The letter is available from the – ECB – after it was reclassified for public release on December 19, 2014.

It demonstrates how involved the ECB was in pushing the Troika line, which is not the impression it gave back at the time and also demonstrates that the neo-liberal concept of independent central banks is another one of those myths that allow policy makers to deflect responsibility for poor decisions that damage the prospects of people.

(b) EBZ eta Grezia

We could also consider the ECB’s role in June 2015, at the height of the Greek stand-off with the European Commission. The ECB breached its legal obligation to maintain financial stability by threatening the Greek government with damage to the Greek banking system in the event that the government failed to tow the line on austerity.

It was clearly acting as a political agent.

(c) Eragin politikoa beste gertaera batzuetan

More recently, in a different way, as the consequences of this era of monetary policy dominance is becoming more obvious – zero to negative interest rates, massive build up of central bank balance sheets due to holdings of government debt – it is clear the there is no major push back coming from central bankers, the financial markets and citizens for fiscal policy to become the dominance policy tool.

I have reported in the past how central bankers are now increasingly calling for the neoliberal bias against fiscal policy to be reversed.

Former Bank of England governor, Mark Carney told the Financial Times in January this year (Source) that:

central banks were running out of the ammunition needed to combat a downturn … Mr Carney echoed other central bankers, such as the European Central Bank’s Mario Draghi and his successor, Christine Lagarde, in recommending that governments consider fiscal policy tools, such as tax cuts or public spending increases when tackling a downturn.

The current RBA governor has repeatedly demanded that that Treasurer abandon the Australian government’s obsession with pursuing a fiscal surplus.

These are all examples of central banks being significantly involved in the political process and compromises any hint that they are ‘independent’ of that process.

(viii) Guardian-eko artikulua

The most important contribution of the UK Guardian article

As noted in the Introduction, most of Howard Davies’ article was forgettable.

However, at one point he comments on the appointment of Madame Lagarde to the helm of the ECB saying:

In the eurozone, a similarly neutral choice emerged as Draghi’s successor and a change in the ECB’s status would require a new EU treaty. The chances of that are vanishingly small. EU leaders show no indication of taking the risk of opening up the constitution to further referendums, as would be necessary in some countries.

How is that for a statement from an ‘insider’ about the way the EU works.

He admits that the EU elites would not dare open up the Treaty to a vote by the people, because they know, as they did before the third stage of the Maastricht process was ratified, that the people would not support their neoliberal contrivance.

So, better to stick to the script that the Treaty is sacrosanct and that there is no prospect of reform.

Game, set and match.

This is exactly the end that Jacques Delors and his gang sought when they drafted the current Treaty and what the European Commission sought when they bulldozed the Treaty of Lisbon through after sensing the ‘democratic’ voice (in Denmark and France, for example) would not support their ambitions.

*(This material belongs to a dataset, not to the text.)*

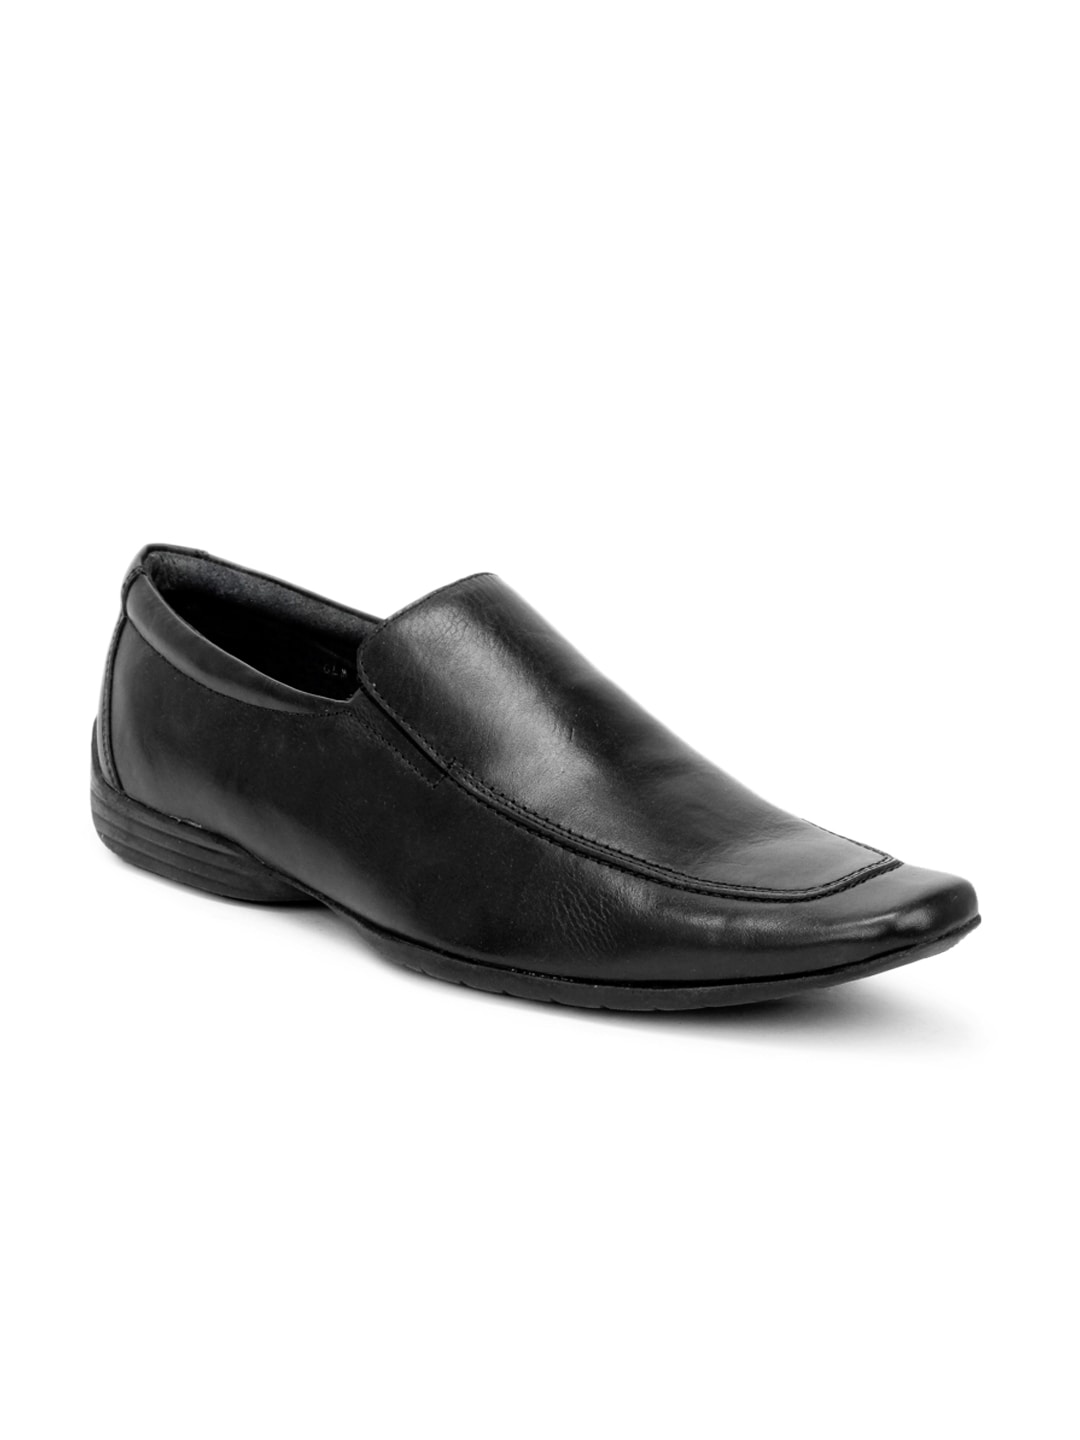 Carlton London Men Black Formal Shoes

Yet, I see on Twitter and in other media, a relentless event schedule held by Europhile progressives where the latest ‘reform’ proposal is aired and lots of self-congratulatory Tweets espouse a new future for Europe.

Meanwhile back at the ranch – the reform prospects are “vanishingly small”.

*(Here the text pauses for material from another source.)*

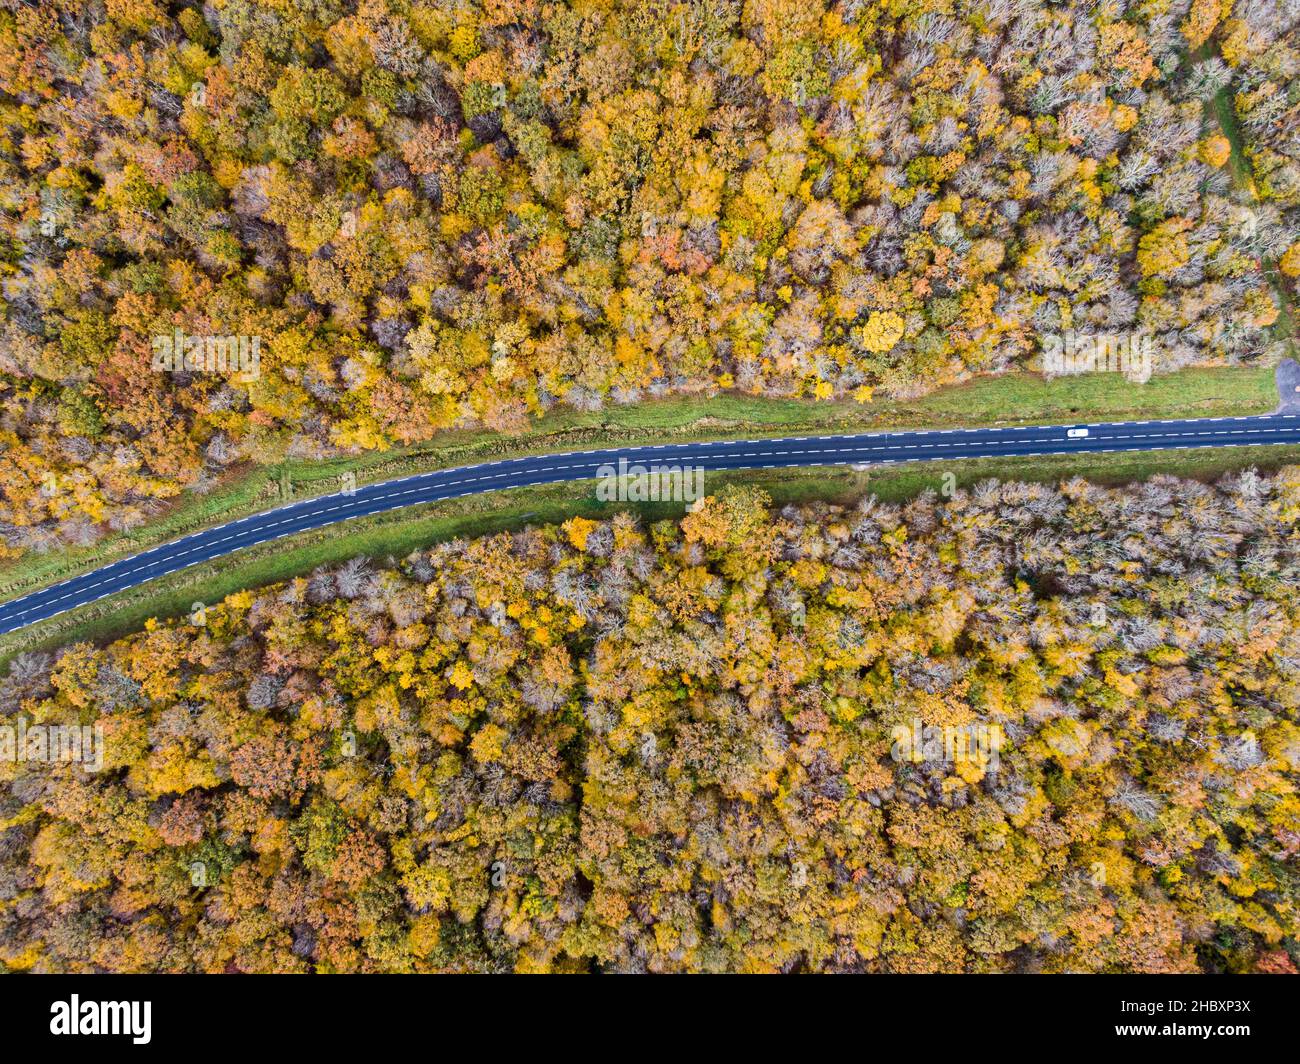 Camino forestal con coche blanco durante el otoño. Vista aérea de la carretera que cruza un bosque de árboles caducifolios amarillo y oro, otoño Foto de stock

Not a lot for a progressive person to look forward to in these sorts of discussions.

But we should be ever vigilant because some ‘socialist’ or Labour Party type here or in Britain or elsewhere will propose yet another ‘fiscal rule’ that elevates so-called ‘independent’ central banks to the top of the decision making hierarchy and grant the banks veto power over the elected treasury or finance minister.

That is exactly what the failed British Labour Party ‘Fiscal Credibility Rule’ actually intended. I hope the advisors who came up with that nonsense never get their foot in the policy making door in that nation again.